Светлый фон

И ученый естествоиспытатель, и религиозный искатель, оба должны верить. Один – в эфир, с его непостижимыми свойствами упругости, плотности; в материю, с ее непостижимыми свойствами притяжения, отталкивания. Другой – в Бога, с Его непостижимыми свойствами вечности, бесконечности, всеведения; в бесплотных духов, в бессмертие души.

И оба, добиваясь настоящаго знания, должны прийти к уверенности в своей правде. Одни – через внешний опыт при посредстве ощущений органов чувств. Другой – через внутренний опыт при помощи непосредственных восприятий души.

Поэтому совершенно ошибочно утверждать, будто в религиозной области настоящего знания нет.

Оно есть, настоящее, истинное, но только у того, кто долгим напряженным внутренним опытом перешел от простой веры к полной уверенности. Истинное религиозное знание бывает у святых, у подвижников, у некоторых проникновенно-верующих обычных людей.

А если, например, среди общей мессы официальных христиан больше таких, которые остаются на первой ступени веры, не достигая уверенности, то это же самое наблюдается и у многочисленных адептов науки: обычно они не столько знают, сколько веруют в непреложность чужих утверждений.

Таким образом, как в науке, так и в религии, есть и свое настоящее знание, и свой поверхностный дилетантизм.
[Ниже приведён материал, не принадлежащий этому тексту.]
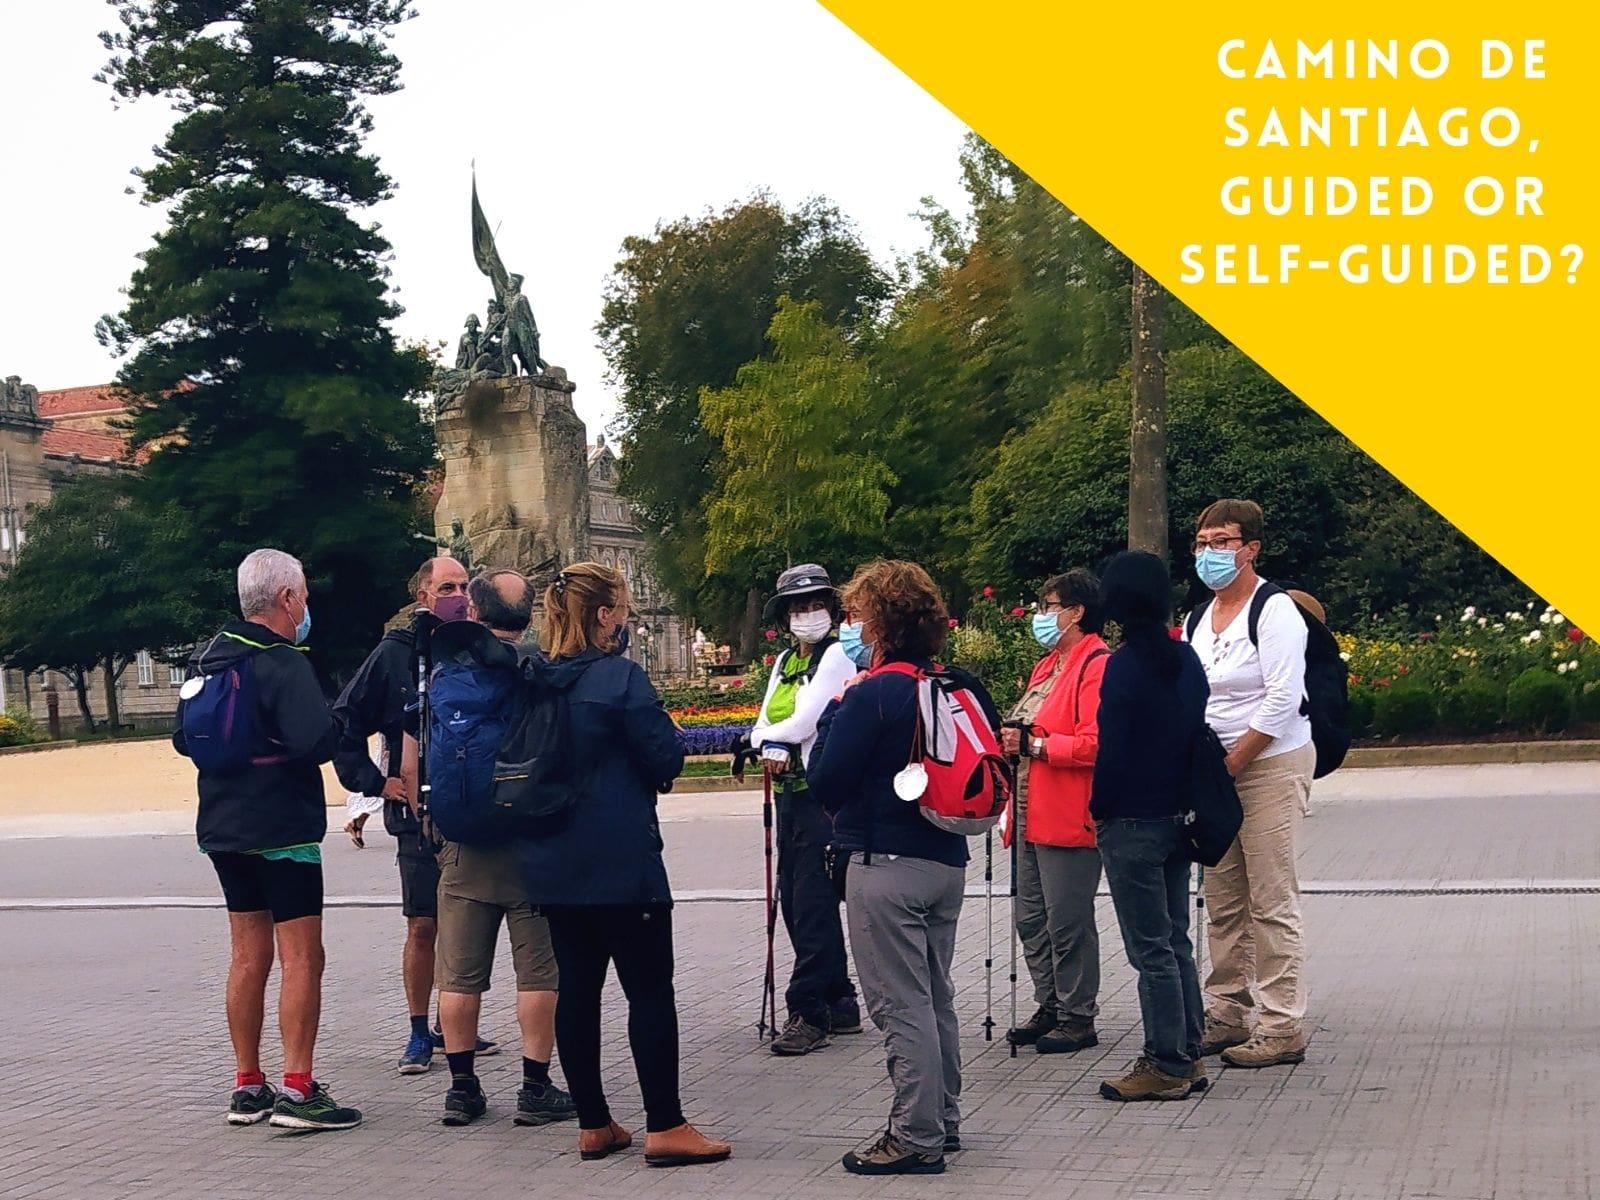 Camino de Santiago, Guided or Self-Guided?
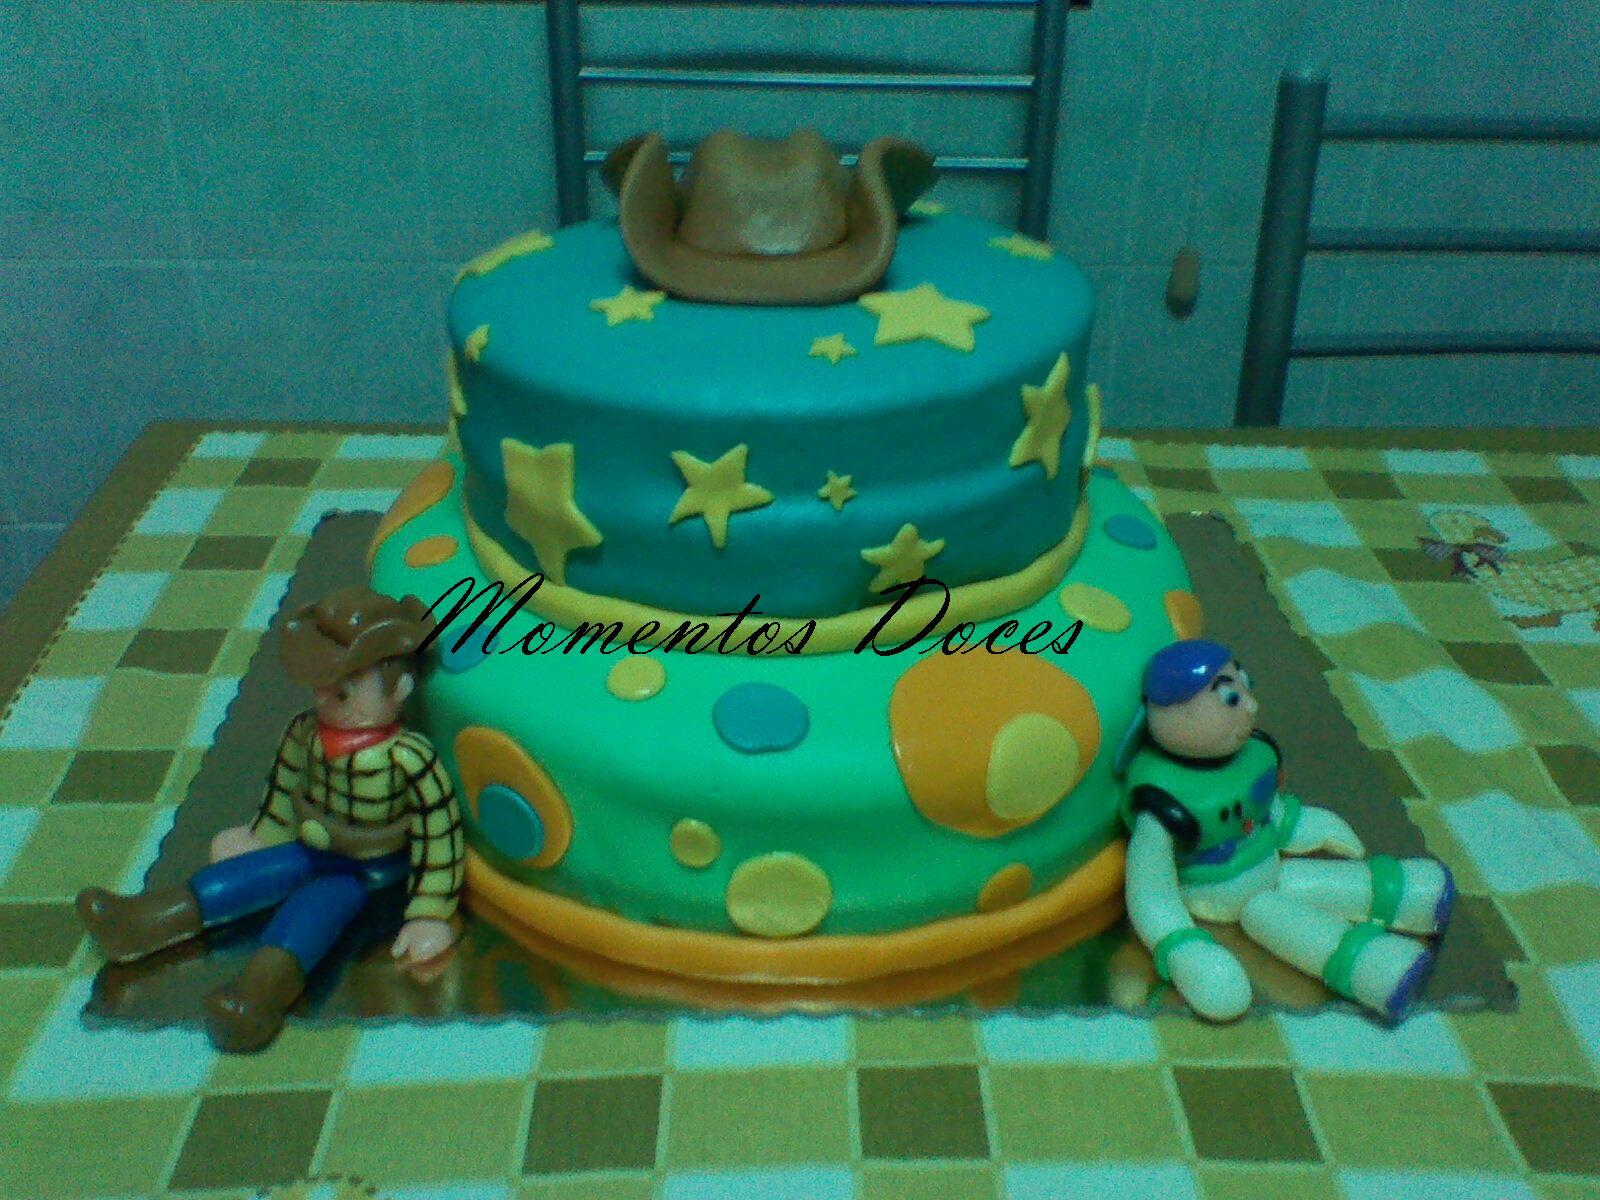 Risota Cakes

Никогда человек не станет ученым, если будет заниматься наукой только по четвергам и по пятницам. И никогда истинно проникающим в религиозное знание не будет тот верующий, кто посвящает себя религиозному опыту только по субботам и по воскресеньям.

* * *

К чему же приводят обе эти системы познания сущего?

Имея в науке основой построения мира ничтожно-малое, ученый только тогда удовлетворен, когда каждое явление сведет к этой основе. Для него даже величавая бескрайность звездной вселенной проходит через испытание ничтожно-малым при микрометрических измерениях.

А если стремление к знанию ведет ученого дальше обычного опыта и требует гармонического объяснения всех явлений материи, жизни и психики, то натурфилософия его или сводится к материалистическому и энергетическому атомизму, или к признанию монад: опять-таки к бесконечно-малому, с первичными признаками материи, жизни и психики. Это бесконечно-малое может стать даже богом – монадой монад, если есть у ученого стремление к удовлетворению религиозного чувства. У Лейбница такой монадой монад сделался интеллект, у В. Вундта – воля…

Но какой это бог? Холодный, безразличный, никого мистически не влекущий к себе. Вершина пирамиды, построенной из песка, скрепленного логикой. Бог, воплотившийся в атом для спасения душ человеческих от неведения, от греха и от зла!